Итин делал всё, что приказывали:
«…Вел антирелигиозный отдел в „Красноярском рабочем“, был лектором партшколы, агитатором. Поэтому губком перебросил меня на чисто партийную работу в уездный город Канск, где я был завполитпросветом, завагитотделом укома, редактором газеты “Канский крестьянин” и пр.» [15].
Итину хотелось уехать в Москву и вернуться к привычной жизни, но товарищи в Красноярске уговорили его «…остаться налаживать отдел юстиции. Я был назначен завед[ующим] общим отделом, наиболее важным в то время». В «Известиях Сибревкома» был опубликован отзыв заместителя заведующего отделом юстиции Сибревкома К.А. Попова, свидетельствующий о том, что красноярский отдел юстиции «был наиболее деятельным». Итин писал, что в партию вступил не сразу. Только когда товарищи его узнали как работника, он подал заявление о приеме в объединённую ячейку губревкома и губревтрибунала, был принят кандидатом в члены РКП(б), и губком дал ему вместо полугода всего три месяца испытательного срока. В декабре 1920 г. Итин стал полноправным членом РКП(б), что считал «естественным завершением» своего развития, задержанного «двухлетним промежутком моих приключений» [16], и с января 1921 г. исполнял обязанности председателя губюста.
Работа юриста Итина «по специальности», к счастью для него, вскоре осталась в прошлом. Неизвестно, участвовал ли он в контроле за исполнением казней, но такой вариант возможен. Так или иначе, в 1921 г. Итина с ответственной должности губернского масштаба перебросили в уездный Канск на чуть более спокойную в моральном смысле, хотя и хлопотную работу, и он занимался в уездном центре, где был одним из немногих образованных людей, организацией пропагандистской деятельности большевистского аппарата. Там же ему удалось вернуться к литературе.

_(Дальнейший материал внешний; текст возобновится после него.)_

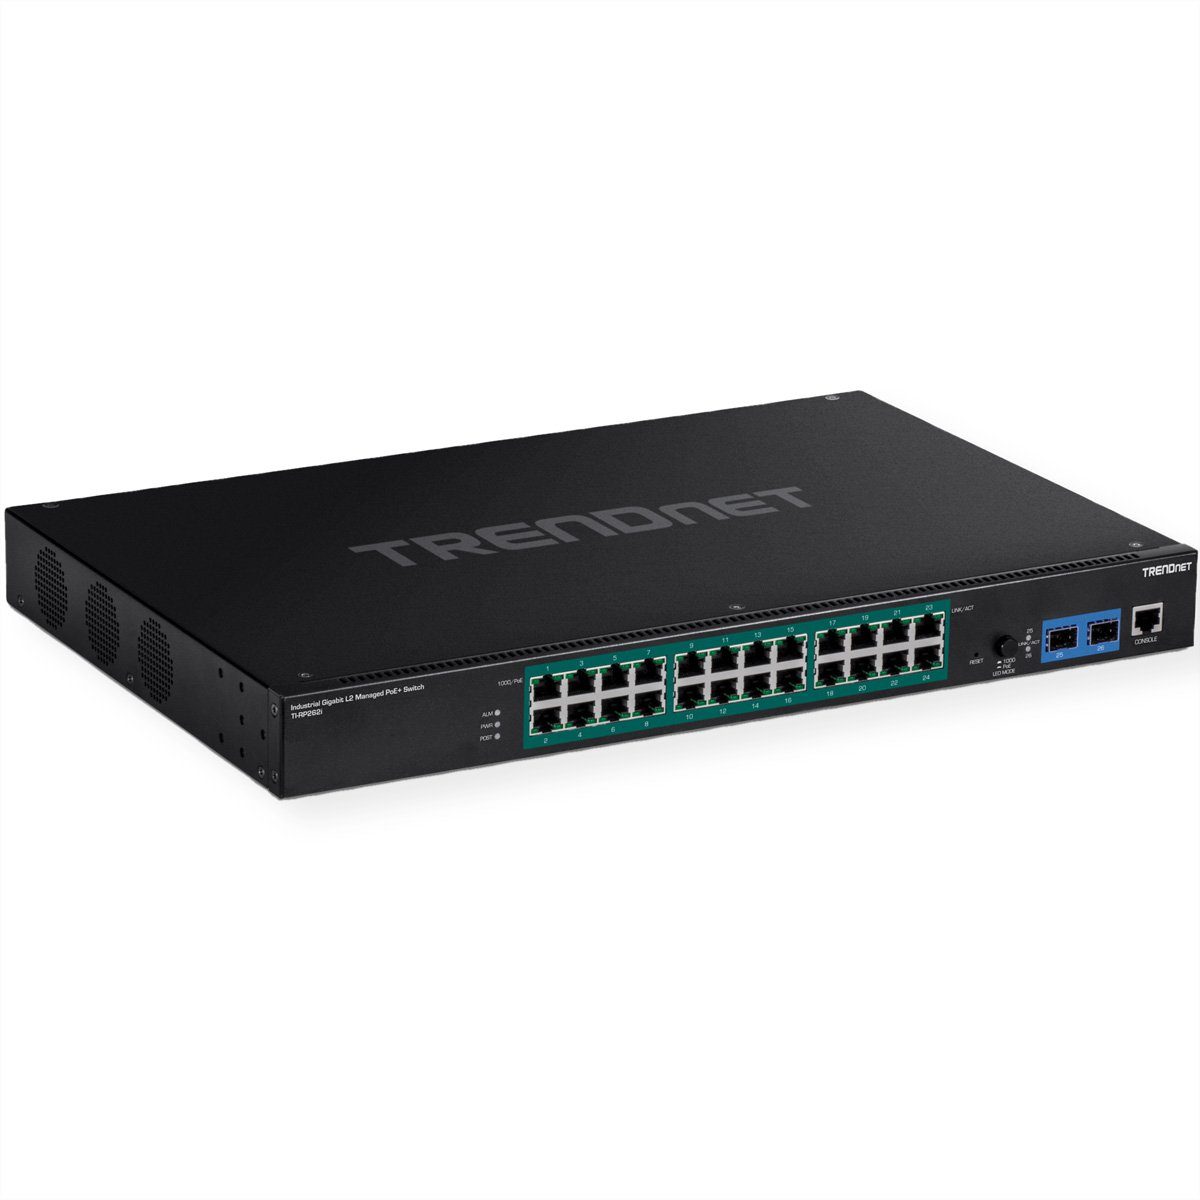 Trendnet TI-RP262i 26-Port Industrial Rackmount PoE+ Switch Gigabit L2 Managed Netzwerk-Switch

Поэму о кровожадных похождениях участников так называемой Тасеевской партизанской республики, существовавшей в Канском уезде, Итин, насколько можно судить, не закончил, но переделал для печати написанную ещё в 1916 г. повесть с фантастическим сюжетом. Писатель выбросил не отвечавших эпохе персонажей — «сентиментального пастора и блоковскую девушку», превратив главного героя в революционера, которому в колчаковской тюрьме перед расстрелом снятся необыкновенные видения о путешествиях в инопланетных мирах. Повесть «Страна Гонгури» (другое название — «Открытие Риэля») считается первым советским фантастическим произведением. Она не блещет особыми художественными достоинствами, но сохраняет статус оригинальной и очень ранней коммунистической утопии.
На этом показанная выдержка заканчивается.